If I suffer from obscurantism, it is not because I am Hegelian so you 
will need to specify more clearly the kind of obscurity from which 
you think I suffer, instead of using the same form of abuse for 
everything which you do not think makes sense.

>Forget about "any society" and just concentrate on capitalist society.

Why should I follow your order? Why is the methodological order worth 

>  So the
>relation of production is given.
>  Now, are you saying that the total quantity of
>abstract social labor is dependent upon how it is distributed to 
>various concrete
>production processes?

Well yes of course. It is Marx's theoretical argument that in a 
society in which the division of social labor is effected by or 
through the exchange value of things, some growing portion of the 
social labor time at its disposal will be wasted in the form of a 
surplus population.

>If so, then could you specify what kind of relationship is
>there between the distribution of social labor and its total quantity?

This is analyzed in the chapter on the general law of accumulation.

>  And of
>course, you must have noticed that your answer here seems to 
>contradict what you
>said above about social labor is given prior to its distribution, 
>but I'm not too
>much concerned about it at this moment.

No it does not contradict the answer which I gave. I said that it 
makes sense to speak of humanity's dependence on social labor--this 
is Marx's critique of robinsonades--before we speak of how that 
social labor is divided in an ongoing manner.

For reasons completely beyond me, you take this to be Marxist 
Hegelian mumbo jumbo, though again I am obviously only trying to 
rephrase Marx's famous letter to Feuerbach on value.

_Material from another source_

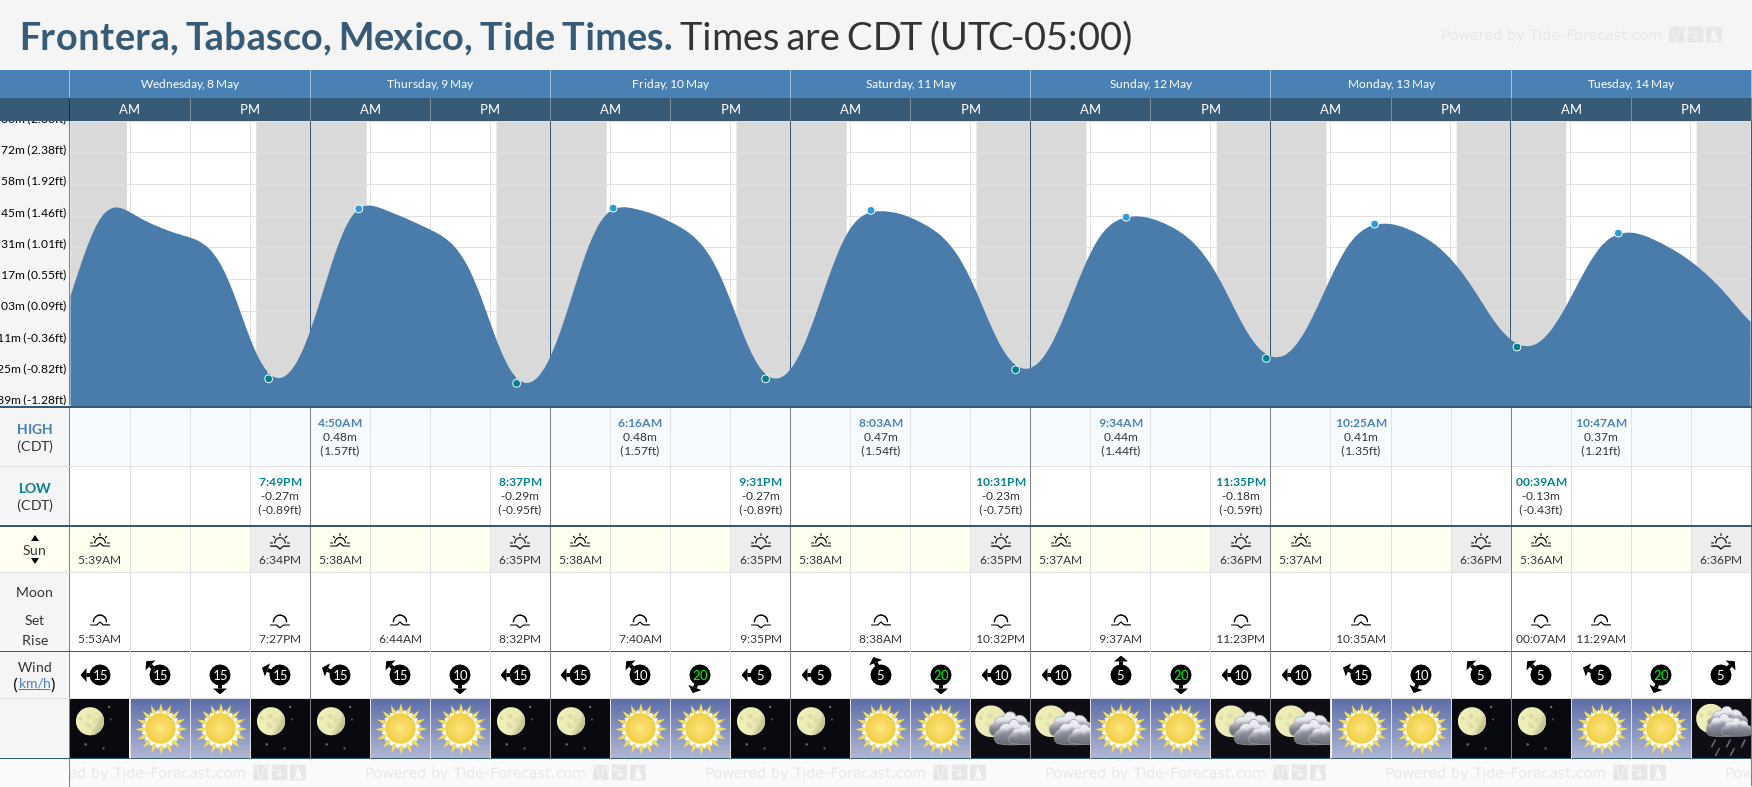 Frontera, Tabasco, Mexico Tide Chart including high and low tide times for the next 7 days

>>  >  In what way the total
>>  >quantity and its distribution are related to each other?
>>  There is a historically variable relation; while each society has to
>>  accomplish an ongoing division in (or distribution of) the social
>>  labor on which it depends--no natural law can be done away with--that
>>  division is effected in historically variable ways. Starting then
>>  with social labor, Marx reasons that in a society in which man's
>>  relations are primarily through things, the distribution of social
>>  labor obviously has to be effected through the exchange value of
>>  those things.
>Let's stick to capitalism. The question was "In what way the total
>quantity and its distribution are related to each other?" Your answer is "the
>distribution of social
>labor obviously has to be effected through the exchange value of 
>those things."
>Again an absurd answer to a simple question. The question is not about how the
>distribution of labor is effected. The question is that if you admit that
>distribution of labor affects its quantity,

The manner in which social labor is divided in bourgeois society can 
affect the length of the working day; it can affect proportion of the 
social labor which is actually expended, i.e. how much labor time is 
wasted in the form of surplus persons; it can affect the different 
kinds of processes into which that labor is divided; it can affect 
the proportion of time spent in each of these respective various 

>then you need to tell us what kind of
>relation exists between the two. How the distribution of labor is 
>effected is simply
>not the question.

Again I do not understand your question since you never specified in 
any sense what you meant by distribution. Are you asking me
a)about total social labor that is at a society's disposal or the 
total social labor time which is actually expended
b)by distribution of labor do you mean distribution of the products 
of social labor or distribution of social labor time to various 
concrete activities?

the argument which you are trying to set up with these questions is 
hardly evident either.

>What I'm trying to do is to prove to you, and to many others who follow the
>Marxist-Hegelian interpretation of the value problematic, that your 
>understanding of
>the value problematic is nothing but a jumble of confusion by making 
>you realize
>that this way of thinking makes you completely incapable of 
>answering very basic,
>straightforward, and simple questions. Cheers, ajit sinha

Your question is not well specified at all. In fact it is as badly 
specified as your embarrasingly overused phrases of abuse.